Perhaps a more useful test of normality, if $\mu$ and $\sigma$ are unknown, would be the Shapiro-Wilk test.
The null hypothesis of the Kolmogorov-Smirnov test is that the population from which data are sampled has a specific normal distribution (with specified mean $\mu$ and and standard deviation $\sigma.)$
Consequently, if you used a K-S test, you would need to estimate $\mu \approx \bar X = \frac{1}{n}\sum_{i=1}^n X_i$ and $\sigma^2 \approx S^2= \frac{1}{n-1}\sum_{i=1}^n (X_i-\bar X)^2,$ but you would have to allow for
that estimation in determining the P-value of the K-S test.
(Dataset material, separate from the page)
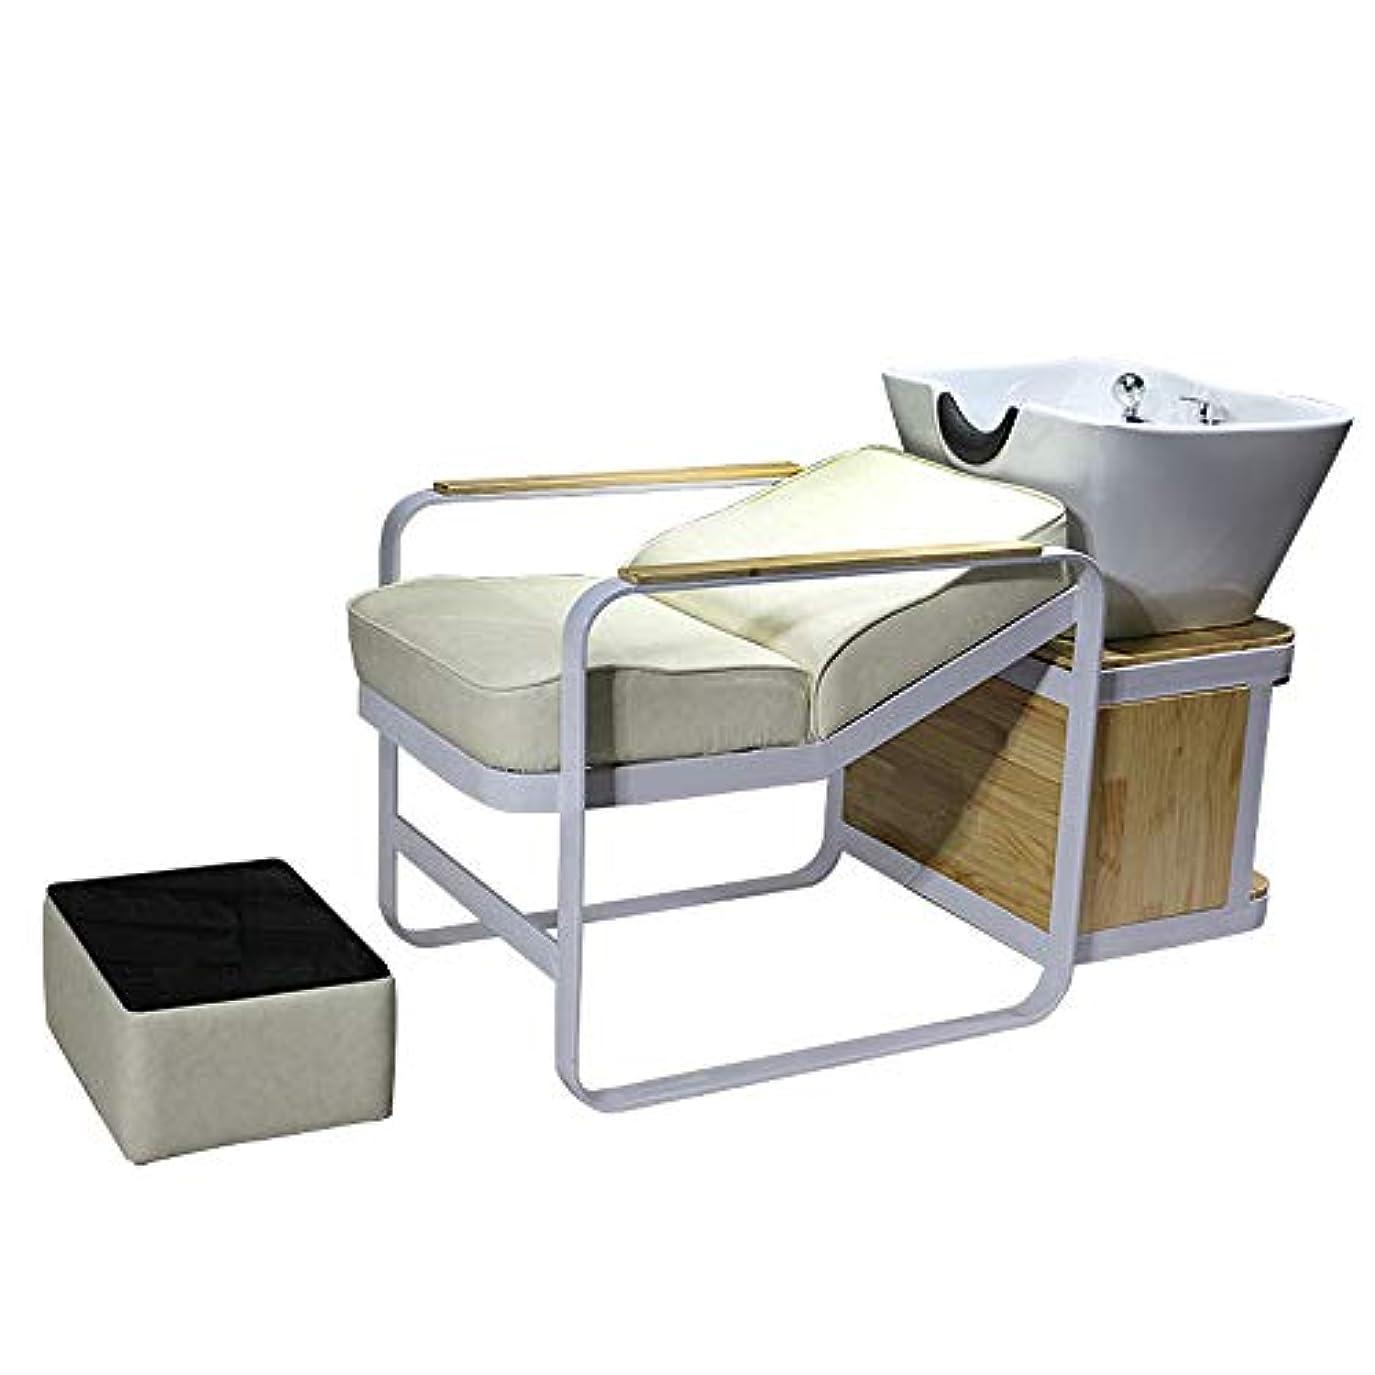 どれかピービッシュドナウ川シャンプーチェア、逆洗ユニットシャンプーボウル理髪シンクシンクチェア用スパ美容院機器用半埋め込みフラッシュベッド

By contrast, the null hypothesis of the Shapiro-Wilk test is that
the population from which data are randomly sampled is some normal
distribution (with unspecified parameters). Another advantage is that the S-W test has better power (is more likely to detect actual non-normality) for a given sample size.
Example in R:
Sample of size $n=500$ from $\mathsf{Norm}(\mu=100, \sigma=10):$
set.seed(831)
x = rnorm(500, 100, 10)
summary(x); length(x); sd(x)
Min. 1st Qu. Median Mean 3rd Qu. Max.
73.63 94.31 100.08 100.30 106.79 127.85
[1] 500 # sample size
[1] 9.575485 # sample standard deviation
The null hypothesis is not rejected at the 5% level; P-value 0.674. So data $X$ are 'consistent with normal'.
shapiro.test(x)
Shapiro-Wilk normality test
data: x
W = 0.99754, p-value = 0.674
Linear transformation of $X$ changes parameters, but $Y$ still passes the normality test (P-value unchanged).
y = .5*x + 2
summary(y); length(y); sd(y)
Min. 1st Qu. Median Mean 3rd Qu. Max.
38.81 49.16 52.04 52.15 55.39 65.93
[1] 500
[1] 4.787742
shapiro.test(y)$p.val
[1] 0.6739557
Nonlinear transformation, destroys normality. S-W test rejects normality for $W$ (P-value below 5%).
summary(w); length(w); sd(w)
Min. 1st Qu. Median Mean 3rd Qu. Max.
5421 8895 10016 10151 11404 16347
[1] 500
[1] 1935.915
shapiro.test(w)$p.value
[1] 0.001056042
Graphical displays:
The histogram of $W$ is right-skewed, not normal.

The normal quantile plot of $W$ (right panel) is distinctly nonlinear.